The cuts being made demonstrate, once again, that this is not true. Our children deserve better.

Sincerely,
Rene Denfeld
Parent

Rene Denfeld is a writer and parent of two Ockley Green students.

3 Comments

Ockley Green parent letter

The following is a letter sent from Ockley Green parent Sia to Superintendent Carole Smith. The letter referenced in the first paragraph decries cuts at Ockley for 08-09, including the digital media program, one P.E. teacher, and two of four eighth grade teachers. –ed.

Dear Superintendent Smith:

I have read the letter from Jamie Malloy. It’s ironic, because yesterday I was talking a Jefferson parent that was trying to convince us that we could stay in Portland Public Schools for high school. At great expense to our low-income family, my daughter will be attending a private Catholic high school.

It is clear to me and many other parents that the district plans to continue the benign neglect of Jefferson Cluster schools. It is also clear that District will continue to practice de facto segregation through the school transfer policy. I just learned that students who participate in the Jefferson Dancers will NOT be required to attend Jefferson high school in the 2008-09 school year, as had been previously reported. PPS continues to cater to families with the wherewithal to participate in the school choice program. Families that can afford to transport children across town and away from their neighborhood schools. The environmental impact of this policy on this city, with regard to traffic congestion, pollution is “not okay”. The pitting of families against one another for “lottery winnings” as one parenting blog calls it is “not okay”. Continuing to give children in schools that are primarily attended by children of color, the short end of the stick regarding resources and programming is unconscionable.

Finding a supportive learning environment for my bright, stubborn, talented Afro-Latina daughter, has been a challenge at Portland Public School since we moved here in 1st grade. We have tried the school choice policy, but found that the policy is inherently flawed. The school choice program has become about middle-class and upper class parents choosing to have more resources and less economic and/or ethnic “diversity” for their children. Children of color are not always welcomed and supported in these environments. Meanwhile, parents of children of color that are low-income are selecting to forego basic needs and paying for school. Holy Redeemer draws from the Jefferson cluster and one-third of its students are on free and reduced lunch. My daughter, attended HRCS for 4th and 5th grade until I could no longer afford it. After a disastrous year at a focus option middle school, we were blessed to find Ockley Green.

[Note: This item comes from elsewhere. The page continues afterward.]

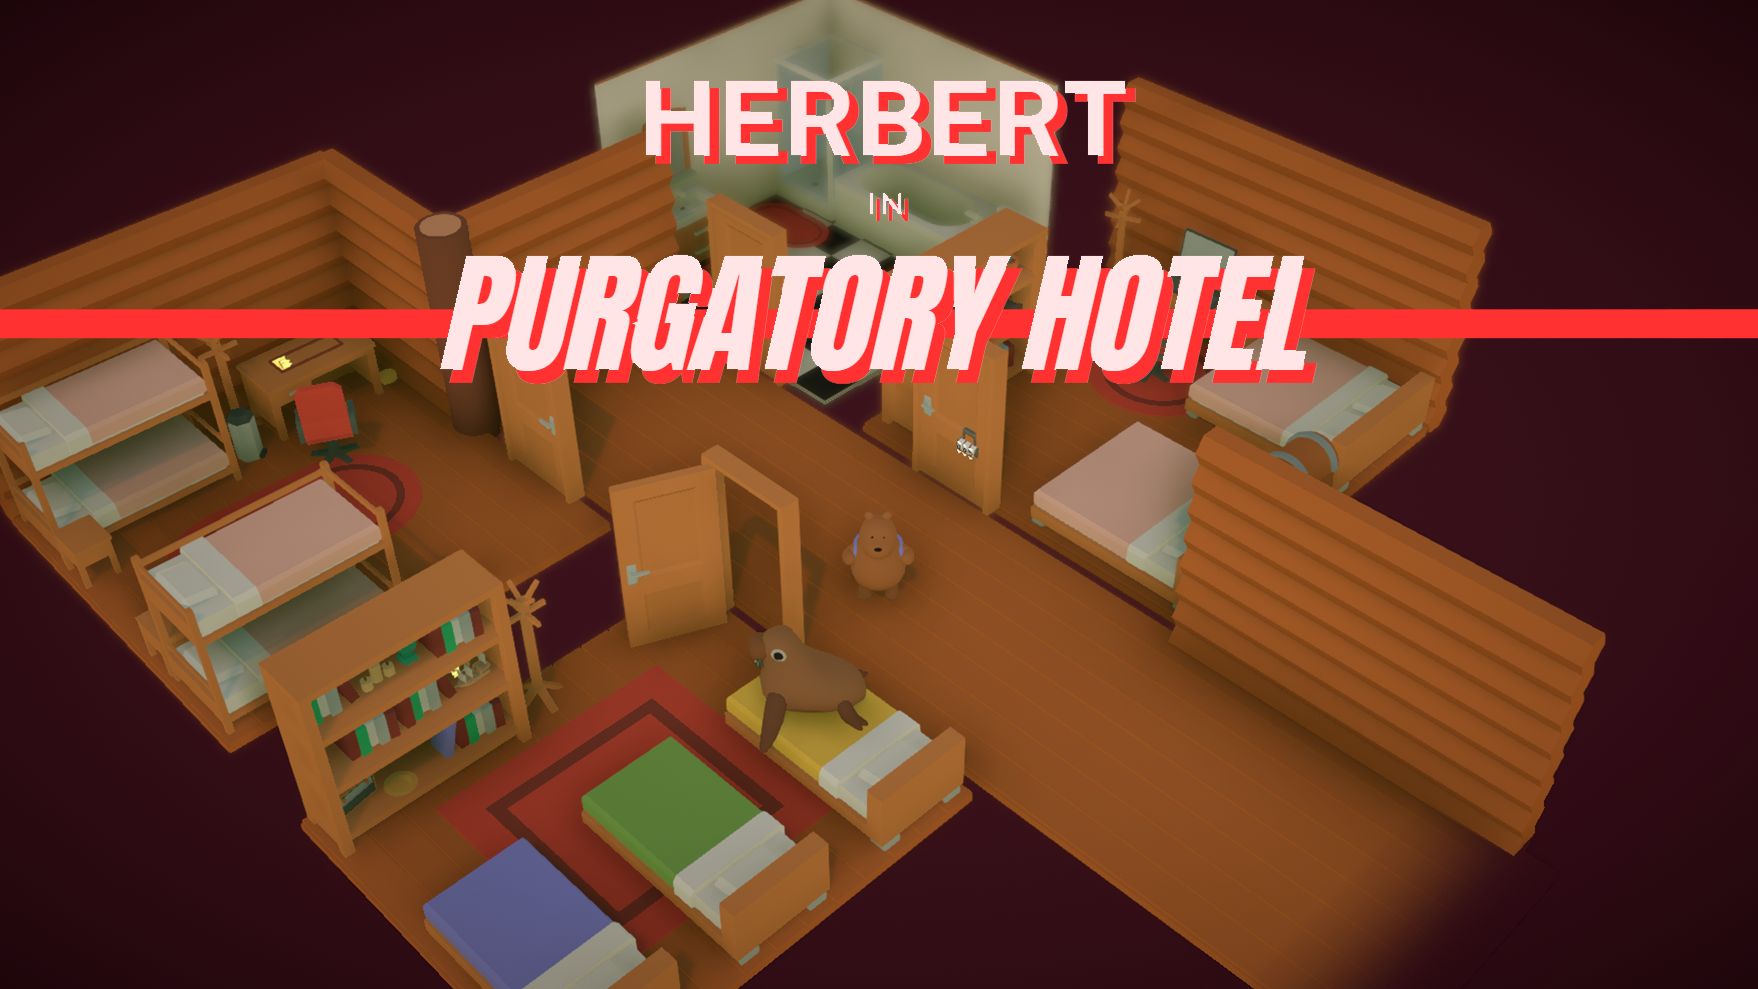 Herbert in Purgatory Hotel
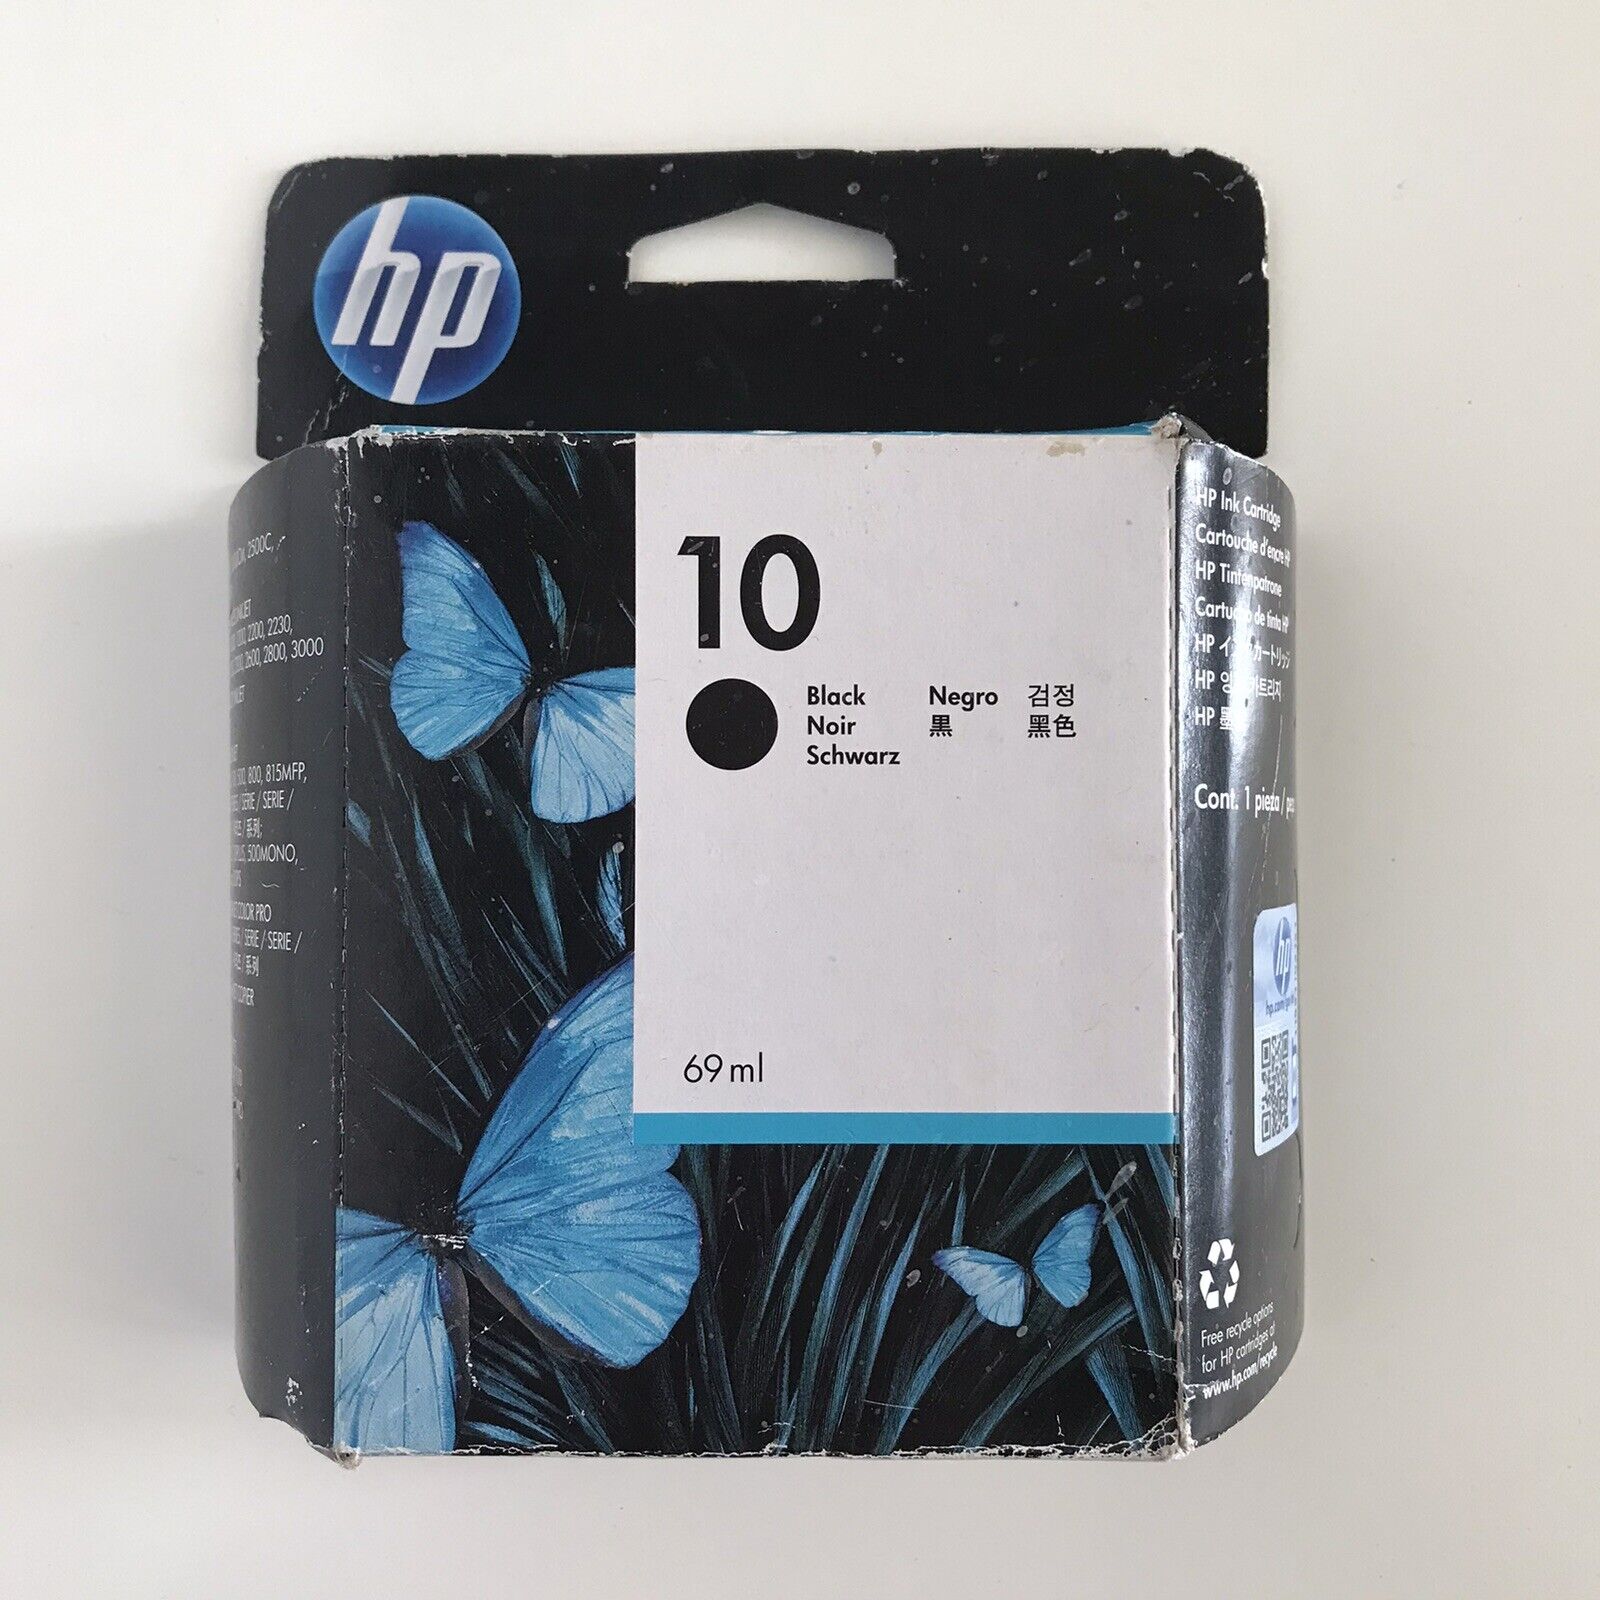 2012 HP 10 Black Ink Cartridge C4844A OfficeJet 9130 Genuine New Sealed Box OEM.

Mr. Malone, Dr. Matier and Ms. Scheetz before her, have created an environment for our children that is loving, supportive and holds them accountable. My daughter has blossomed at Ockley Green. She has been making sure that she will receive high school credit for the algebra class. She didn’t even like math before now. She believes in herself and so does her school. As the parent of a middle schooler, there are days where you’re not sure how it will turn-out. Mr. Malone and his staff have demonstrated confidence in these children, when we parents sometimes have had our doubts. As a parent, I do everything I can to make our support staff, teachers and administrators know how special and precious these past two years have been. Ockley Green is the best school we have attended in Portland Public Schools. We tried the Family Cooperative School, Beach Neighborhood School and daVinci Arts Middle. My daughter was treated so poorly at some of those schools that I worried that she would lose her love for school that she brought to Portland.

I can’t even list the wonderful ways that the many Ockley staff that have reached out to our family. It is so special and unusual in your school system. I am so bitter about the cuts.

I am angry, hurt and pretty despondent that you continue to decimate the only school that is actually trying to accomplish what the mission of the District is supposed to be. I wish I could properly articulate how horrible what you have decided to perpetuate is, but language fails me. Much like you and the School Board continue to fail our children.

Tearfully,

Sia

Sia is the parent of an Ockley Green graduate.